Friday, 23 May 2014

Maluku 6


                                   
                                               
Di usia senja ini sering ku dengar orang berpendapat,
" Tanpa Indonesiapun kita bisa jadi negara, mari hitung kekayaan kita!"
Kata-kata itu mengingatkan kembali pada ucapan Soumokil biang keladi RMS. Keturunan Ambon asli yang pindah menjadi warga negara Belanda.
Atau sikap Hasan Tiro yang akhirnya berlindung 3 dekade di Swedia.

Dengan gegabahnya Soumokil mengeluarkan pernyataan disaat rakyat tercekik lapar

"Djangan kuatir perkara uang, Dengan menjewakan sadja lapangan terbang kita jang ada di Ambon sekarang ini kepada Amerika, kita akan tjukup belandja!" 
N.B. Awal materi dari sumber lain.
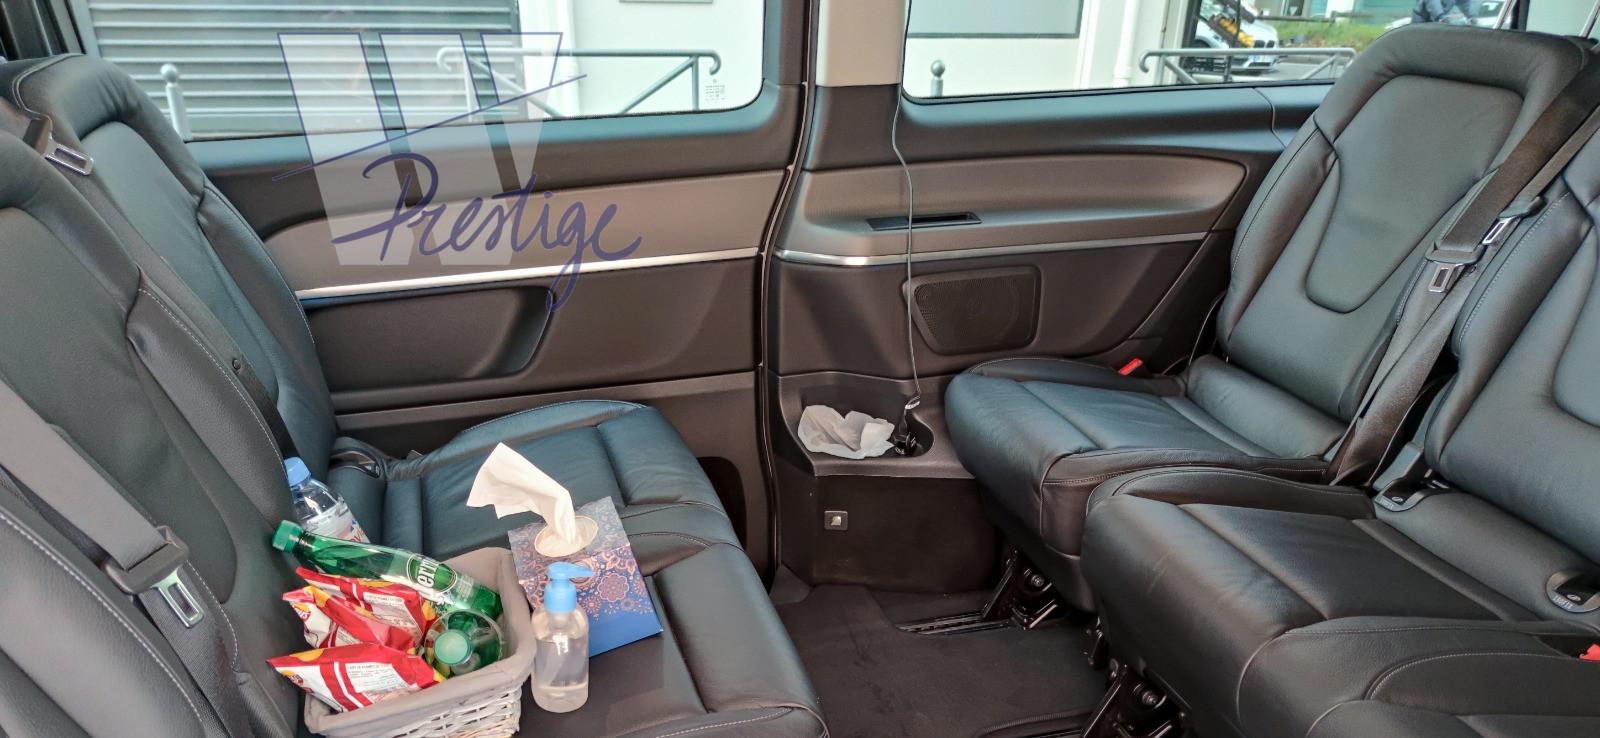 Pourquoi engager un chauffeur privé - chauffeur privé à lyon ?

Ia memberikan keterangan dusta. Datang ke Ambon hanya untuk membahayakan bangsa Indonesia di hari kemudian. Ia pengaruhi anggota-anggota pasukan bersenjata yang berada dibawah tanggung jawab Belanda.
Mereka buta politik.

Soumokil menambahkan lagi,  pemerintah Belanda membantu gerakannya. Amerika,Autralia akan menolong.
Ada rencana dari Jakarta, mereka akan membunuh orang-orang Indonesia yang berasal dari Maluku.
 (Peristiwa RMS by:Yusuf A.Fuar)

Sebetulnya hanya dia dan Manusama (Mentri Pendidikan RMS) yang kukuh memusuhi RIS.
Sementara Menteri-menteri lain Manuhutu ( Presiden), Wairisal (Wakil), Lauconsina (Mentri Sosial) dan lain-lain adalah kaum Nasionalis bekas kawan-kawan seperjuangan  di masa lampau.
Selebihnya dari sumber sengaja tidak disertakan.